Task to carry out >> Nothing may be added, dropped, or altered; restate the listing word for word.

•••

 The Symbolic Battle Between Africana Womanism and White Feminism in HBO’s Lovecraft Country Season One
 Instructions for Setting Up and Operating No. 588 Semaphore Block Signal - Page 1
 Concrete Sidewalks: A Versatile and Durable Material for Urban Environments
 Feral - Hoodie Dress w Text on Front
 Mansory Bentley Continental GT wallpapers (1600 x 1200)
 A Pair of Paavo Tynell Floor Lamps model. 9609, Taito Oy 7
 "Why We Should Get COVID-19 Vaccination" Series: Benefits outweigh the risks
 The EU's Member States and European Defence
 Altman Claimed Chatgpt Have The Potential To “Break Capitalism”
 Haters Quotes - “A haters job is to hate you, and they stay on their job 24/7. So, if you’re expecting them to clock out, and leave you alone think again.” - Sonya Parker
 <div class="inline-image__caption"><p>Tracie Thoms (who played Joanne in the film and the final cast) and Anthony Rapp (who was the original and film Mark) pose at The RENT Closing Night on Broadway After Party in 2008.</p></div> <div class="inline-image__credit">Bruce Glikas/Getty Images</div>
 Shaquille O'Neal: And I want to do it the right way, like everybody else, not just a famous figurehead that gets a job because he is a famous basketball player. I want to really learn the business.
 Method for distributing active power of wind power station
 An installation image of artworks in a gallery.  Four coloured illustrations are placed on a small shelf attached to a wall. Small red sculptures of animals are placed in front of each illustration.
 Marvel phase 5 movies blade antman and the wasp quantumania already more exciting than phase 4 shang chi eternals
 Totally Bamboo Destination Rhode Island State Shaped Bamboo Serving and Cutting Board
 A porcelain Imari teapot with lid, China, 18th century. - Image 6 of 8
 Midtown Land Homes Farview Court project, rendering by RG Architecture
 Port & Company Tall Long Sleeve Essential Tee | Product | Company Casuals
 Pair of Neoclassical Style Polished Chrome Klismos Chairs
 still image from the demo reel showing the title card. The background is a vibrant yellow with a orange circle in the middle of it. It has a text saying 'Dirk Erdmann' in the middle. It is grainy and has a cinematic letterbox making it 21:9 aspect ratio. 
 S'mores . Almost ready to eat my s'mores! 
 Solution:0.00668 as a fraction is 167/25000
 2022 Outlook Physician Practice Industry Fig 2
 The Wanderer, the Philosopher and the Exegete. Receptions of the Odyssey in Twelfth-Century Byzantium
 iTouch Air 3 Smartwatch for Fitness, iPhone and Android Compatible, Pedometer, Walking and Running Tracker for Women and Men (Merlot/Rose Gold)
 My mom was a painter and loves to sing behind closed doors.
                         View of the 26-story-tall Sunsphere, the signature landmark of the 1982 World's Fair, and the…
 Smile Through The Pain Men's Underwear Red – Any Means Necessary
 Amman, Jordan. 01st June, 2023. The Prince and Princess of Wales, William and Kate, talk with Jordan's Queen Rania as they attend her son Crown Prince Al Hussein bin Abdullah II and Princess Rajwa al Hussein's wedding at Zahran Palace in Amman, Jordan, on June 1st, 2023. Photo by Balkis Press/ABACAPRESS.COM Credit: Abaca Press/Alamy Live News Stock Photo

•••

Output for this exercise >>
 The Symbolic Battle Between Africana Womanism and White Feminism in HBO’s Lovecraft Country Season One
 Instructions for Setting Up and Operating No. 588 Semaphore Block Signal - Page 1
 Concrete Sidewalks: A Versatile and Durable Material for Urban Environments
 Feral - Hoodie Dress w Text on Front
 Mansory Bentley Continental GT wallpapers (1600 x 1200)
 A Pair of Paavo Tynell Floor Lamps model. 9609, Taito Oy 7
 "Why We Should Get COVID-19 Vaccination" Series: Benefits outweigh the risks
 The EU's Member States and European Defence
 Altman Claimed Chatgpt Have The Potential To “Break Capitalism”
 Haters Quotes - “A haters job is to hate you, and they stay on their job 24/7. So, if you’re expecting them to clock out, and leave you alone think again.” - Sonya Parker
 <div class="inline-image__caption"><p>Tracie Thoms (who played Joanne in the film and the final cast) and Anthony Rapp (who was the original and film Mark) pose at The RENT Closing Night on Broadway After Party in 2008.</p></div> <div class="inline-image__credit">Bruce Glikas/Getty Images</div>
 Shaquille O'Neal: And I want to do it the right way, like everybody else, not just a famous figurehead that gets a job because he is a famous basketball player. I want to really learn the business.
 Method for distributing active power of wind power station
 An installation image of artworks in a gallery.  Four coloured illustrations are placed on a small shelf attached to a wall. Small red sculptures of animals are placed in front of each illustration.
 Marvel phase 5 movies blade antman and the wasp quantumania already more exciting than phase 4 shang chi eternals
 Totally Bamboo Destination Rhode Island State Shaped Bamboo Serving and Cutting Board
 A porcelain Imari teapot with lid, China, 18th century. - Image 6 of 8
 Midtown Land Homes Farview Court project, rendering by RG Architecture
 Port & Company Tall Long Sleeve Essential Tee | Product | Company Casuals
 Pair of Neoclassical Style Polished Chrome Klismos Chairs
 still image from the demo reel showing the title card. The background is a vibrant yellow with a orange circle in the middle of it. It has a text saying 'Dirk Erdmann' in the middle. It is grainy and has a cinematic letterbox making it 21:9 aspect ratio. 
 S'mores . Almost ready to eat my s'mores! 
 Solution:0.00668 as a fraction is 167/25000
 2022 Outlook Physician Practice Industry Fig 2
 The Wanderer, the Philosopher and the Exegete. Receptions of the Odyssey in Twelfth-Century Byzantium
 iTouch Air 3 Smartwatch for Fitness, iPhone and Android Compatible, Pedometer, Walking and Running Tracker for Women and Men (Merlot/Rose Gold)
 My mom was a painter and loves to sing behind closed doors.
                         View of the 26-story-tall Sunsphere, the signature landmark of the 1982 World's Fair, and the…
 Smile Through The Pain Men's Underwear Red – Any Means Necessary
 Amman, Jordan. 01st June, 2023. The Prince and Princess of Wales, William and Kate, talk with Jordan's Queen Rania as they attend her son Crown Prince Al Hussein bin Abdullah II and Princess Rajwa al Hussein's wedding at Zahran Palace in Amman, Jordan, on June 1st, 2023. Photo by Balkis Press/ABACAPRESS.COM Credit: Abaca Press/Alamy Live News Stock Photo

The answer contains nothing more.